A type system in runtime’s clothing

Any sufficiently complicated C or Fortran program contains an ad hoc, informally-specified, bug-ridden, slow implementation of half of Common Lisp. — Greenspun

I am reminded of this quote when I see a common pattern in data stores, especially RDBMS. It’s a key-value pattern, along the lines of: Columns: IDType | ID | Value

…combined with application code which branches on the IDType column. The Value (and heck, the identifier) are interpreted differently based on the type.

This is a fine pattern depending on one’s goals. But it’s important to understand the choice one is making here: we’ve created a dynamic type system. Those if’s and switch’s are type resolution, happening at runtime.

With a RDBMS, a table typically maps to a single type, say “Person”. One can completely express the shape of that entity in code, requiring no conditionals at runtime. Values flow into known slots.

Using the pattern at top, by contrast, one might create a “Documents” table. IDType might be “PDF” or “Section” or whatever; the Value may be a complex payload or a reference to another entity.

And it can work great. As a key-value store, the store is “dumb”: meaning happens in code. This can give you great performance and a lot of presentation choices at runtime.

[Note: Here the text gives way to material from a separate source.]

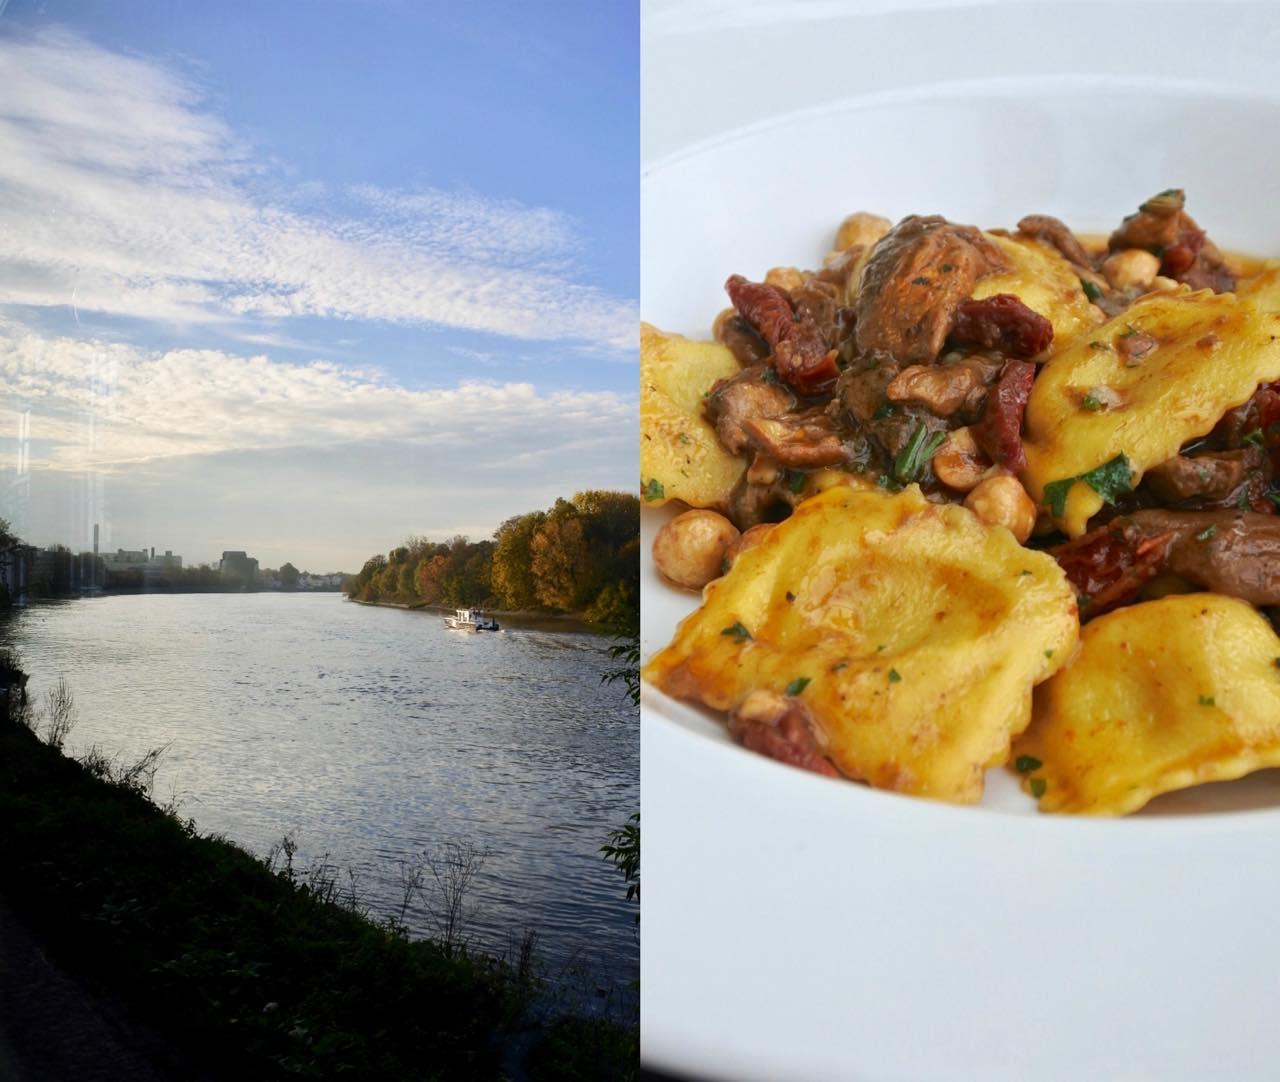 こちらはお友達のメイン、ラビオリとキノコ。食べさせていただいたのですが、すごーーく美味しかった! リックさん、ベジタリアン料理もお上手。
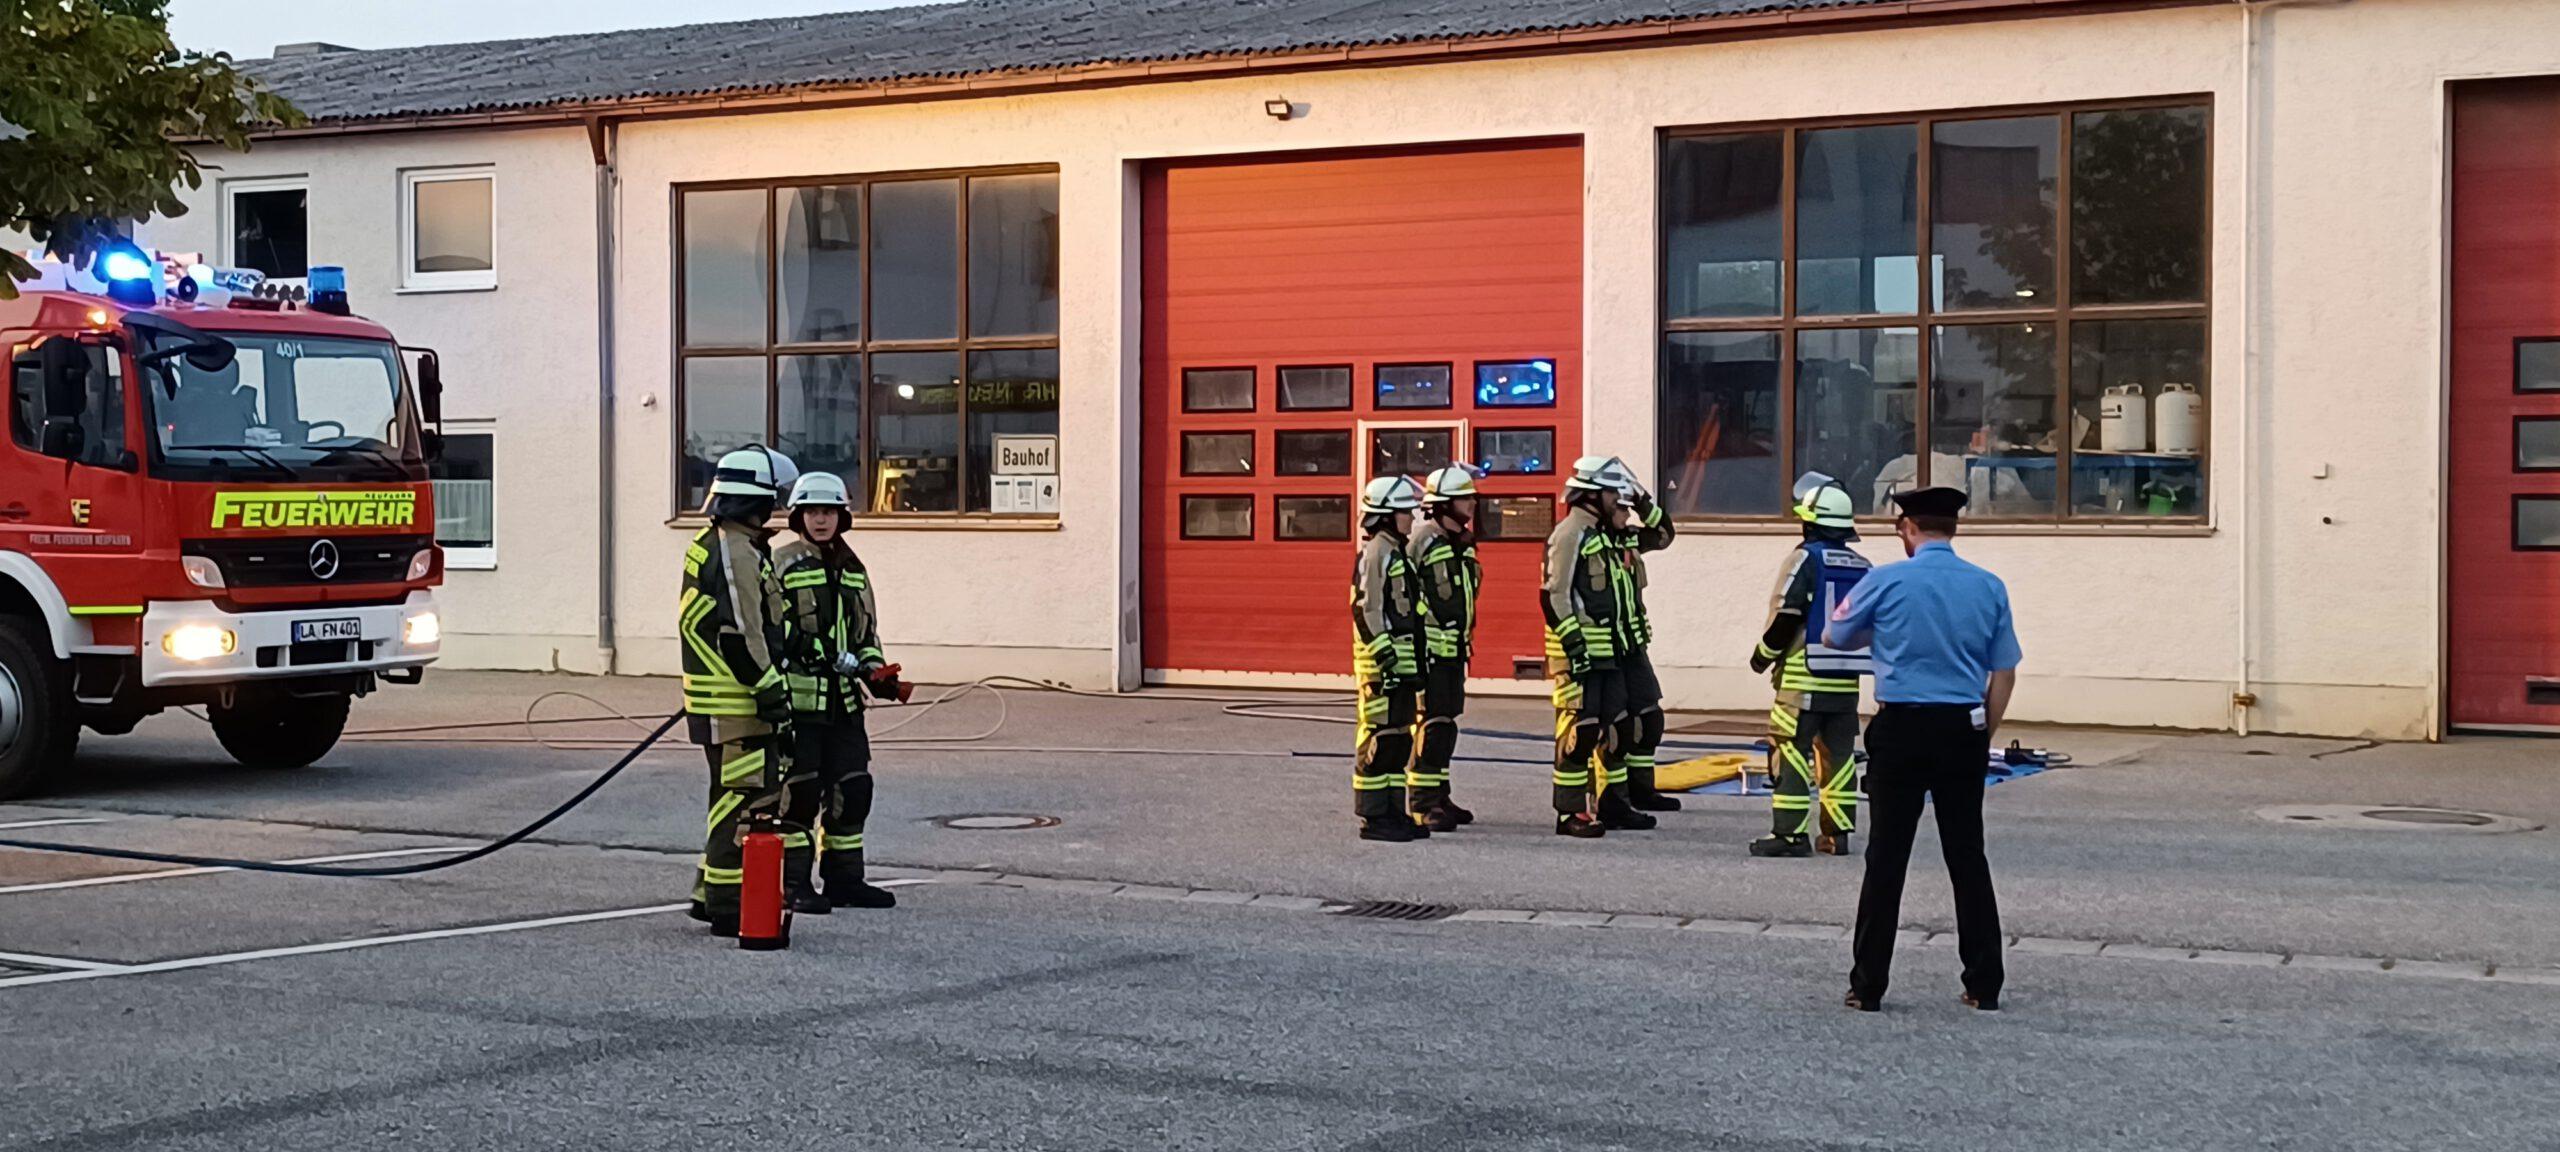 Read more about the article Drei Gruppen legen Leistungsabzeichen ab – Einsatz während Leistungsprüfung

But one gives up a large class of static (compile-time) type guarantees; one inevitably will do “type” checks at runtime, to combat newly-possible illegal states.

Too often, such code looks like an ad hoc, informally-specified, slow type system.

The upshot is, it’s a trade-off between safety and flexibility, exactly as with static and dynamic type systems. If one chooses the latter, plan on accounting for legal and illegal states in application code — and be clear about guarantees the system will and won’t offer.

Published August 25, 2014